Pada Agustus, Komite PBB tentang Penghapusan Diskriminasi Rasial menyerukan China untuk mengakhiri penahanan orang-orang Uighur.

Pemerintah China menyangkal tuduhan pelanggaran hak asasi manusia di kamp-kamp dan menggambarkan fasilitas sebagai pusat kejuruan bagi para penjahat yang dihukum karena pelanggaran ringan.

China Membela Kamp Xinjiang (2018)

Dalam sebuah wawancara dengan kantor berita resmi China Xinhua pada Oktober, ketua pemerintahan Xinjiang, Shohrat Zakir, menggambarkan kamp-kamp tersebut sebagai pusat pelatihan yang manusiawi, dengan tujuan mengapuskan lingkungan yang bisa menumbuhkan terorisme dan ekstremisme agama.

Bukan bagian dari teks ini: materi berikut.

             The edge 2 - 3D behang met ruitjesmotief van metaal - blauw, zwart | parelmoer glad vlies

Penahanan Berlanjut (2019)

Pada Juli Pemerintah China mengklaim sebagian besar warga Uighur telah dibebaskan dari kamp. Laporan menunjukkan fasilitas masih beroperasi.

AS Mengeluarkan Sanksi (2019)

Amerika Serikat memberlakukan pembatasan visa pada pejabat China yang diyakini terkait dengan penahanan kelompok minoritas Muslim di Xinjiang pada Oktober. Ada juga tindakan terhadap 28 entitas (termasuk perusahaan komersial) yang terlibat dalam kampanye pengawasan, penahanan, dan penindasan China.

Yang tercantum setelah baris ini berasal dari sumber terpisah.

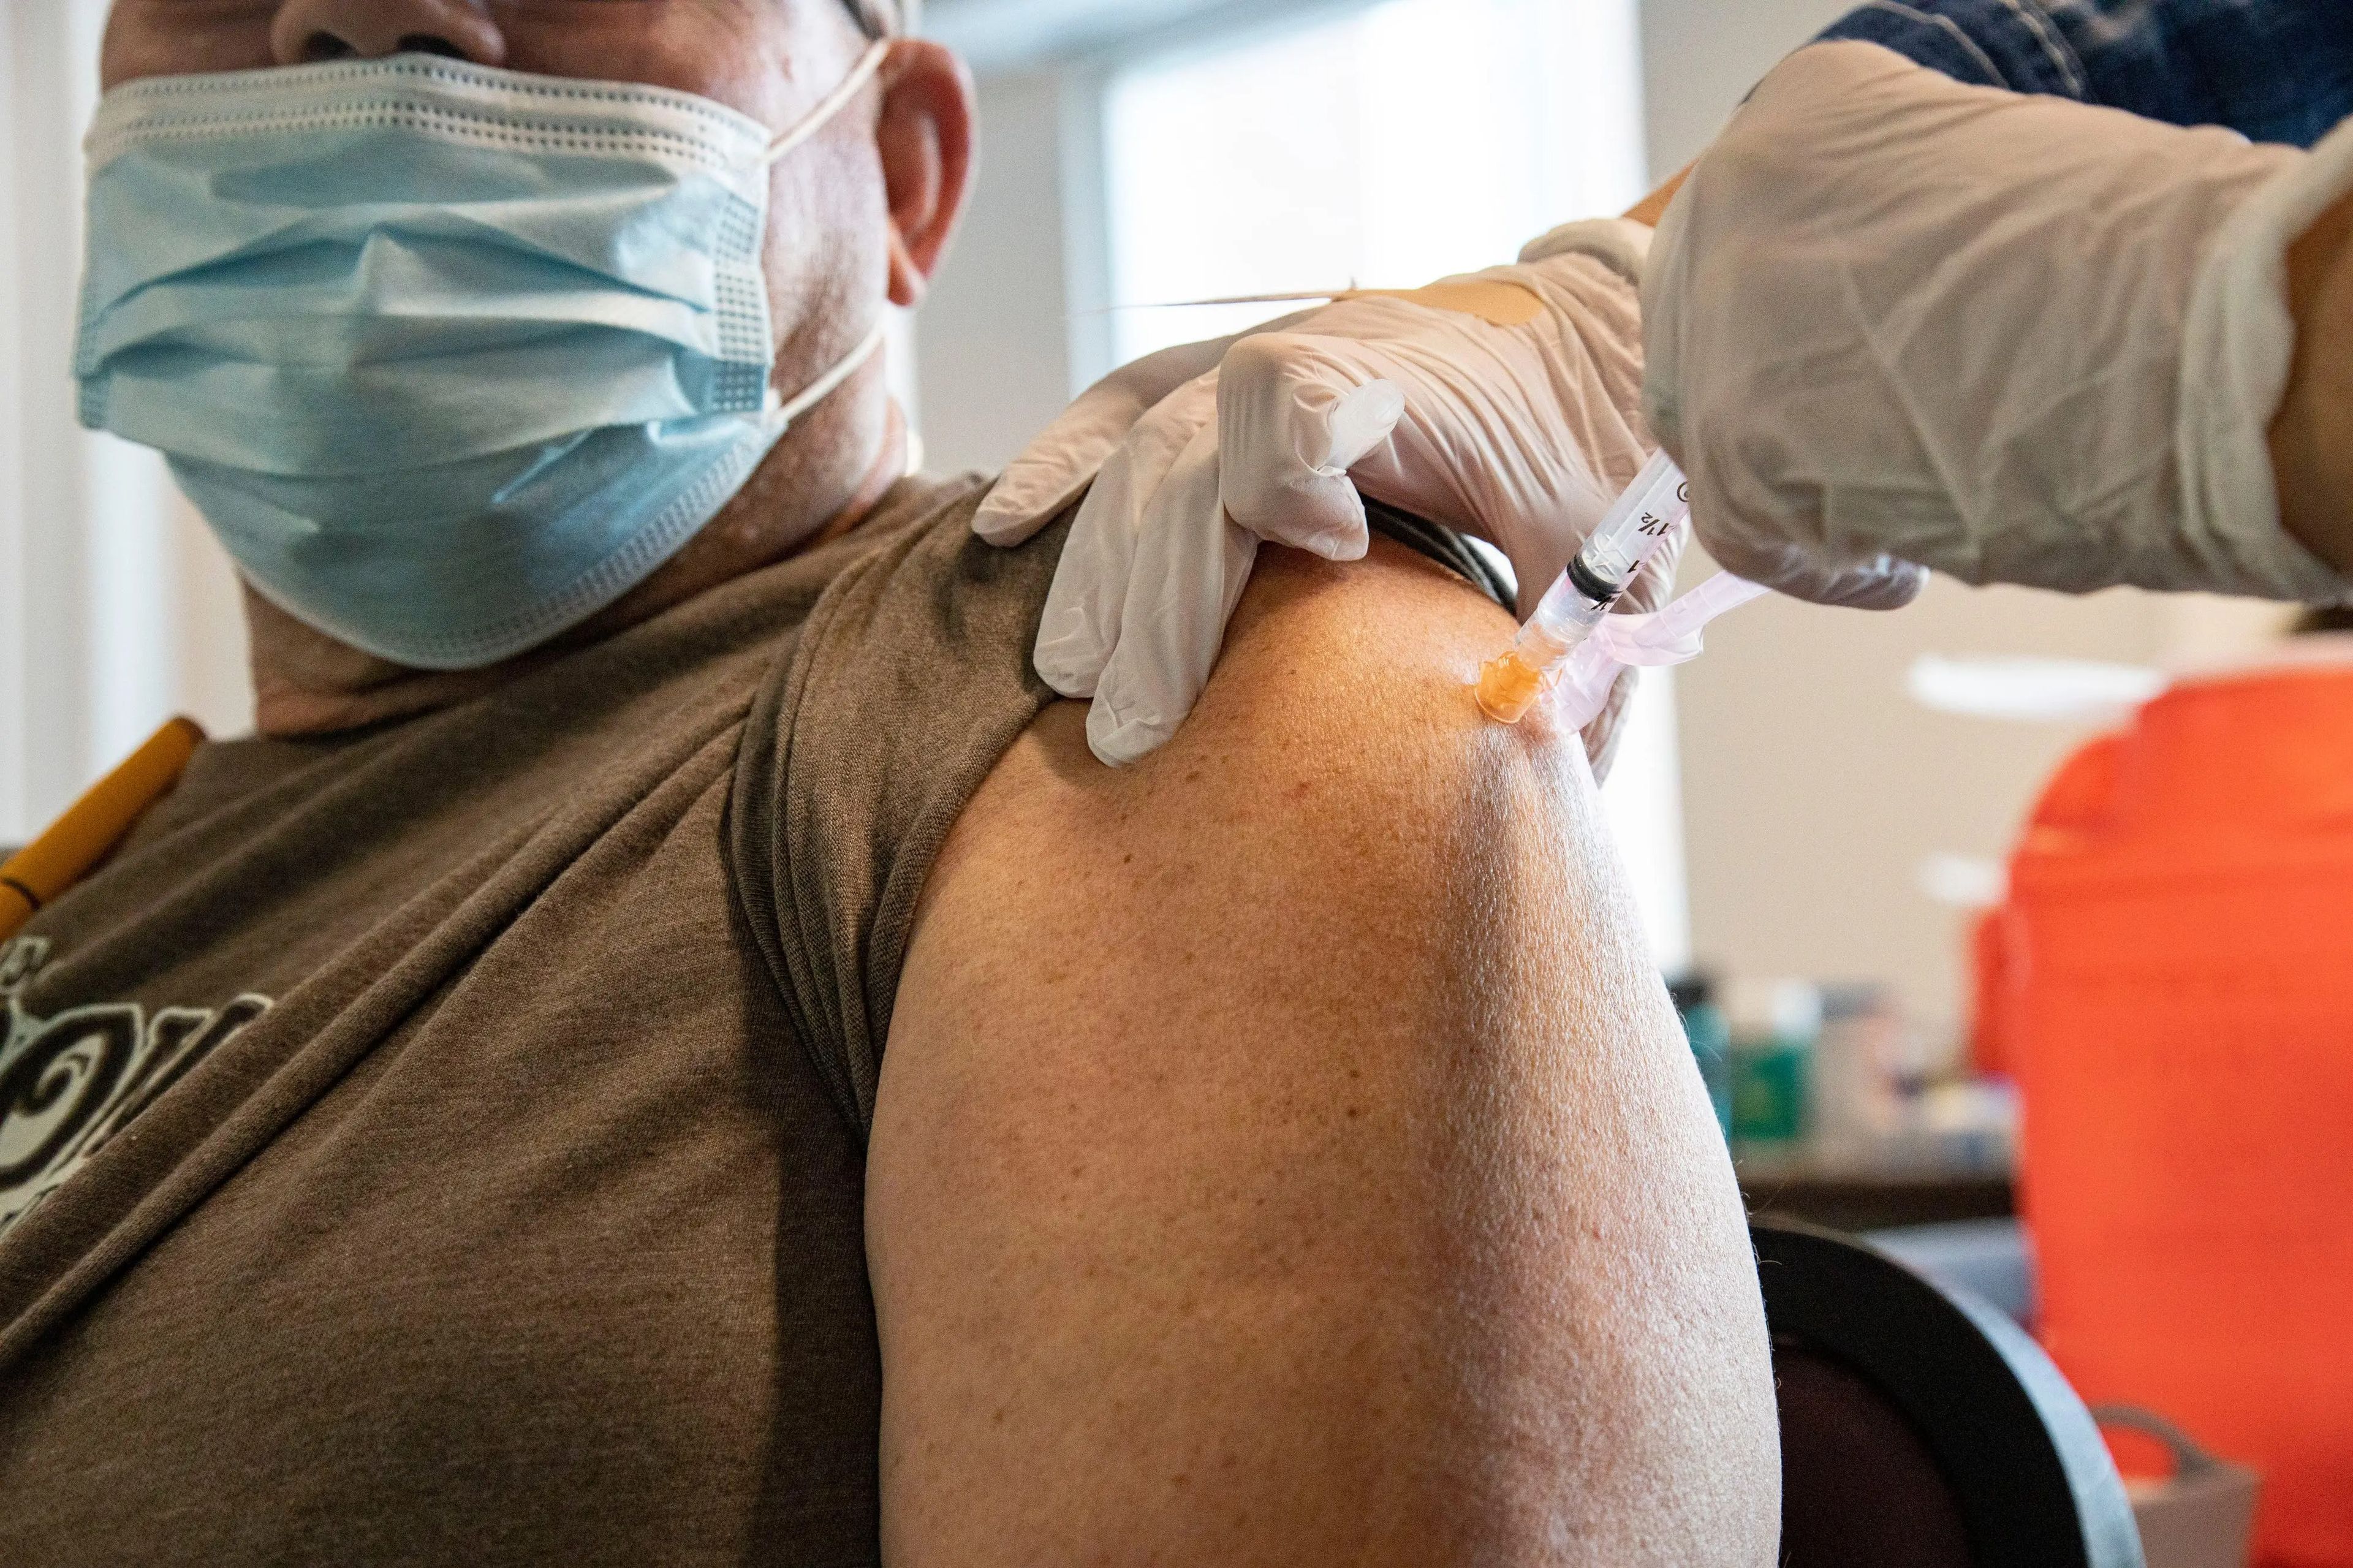 Un hombre recibe una dosis de la vacuna contra el COVID-19.

China mengatakan kamp-kamp itu adalah alat yang efektif dalam memerangi terorisme dan tidak melanggar kebebasan beragama.

“Karena tindakan telah diambil, tidak ada satu pun insiden teroris dalam tiga tahun terakhir. Xinjiang kembali berubah menjadi daerah yang makmur, indah dan damai,” menurut pernyataan yang dikeluarkan oleh kantor pers kedutaan besar China di Inggris.

China juga membantah keaslian dokumen-dokumen Xinjiang yang bocor, menyebutnya fabrikasi murni dan berita palsu.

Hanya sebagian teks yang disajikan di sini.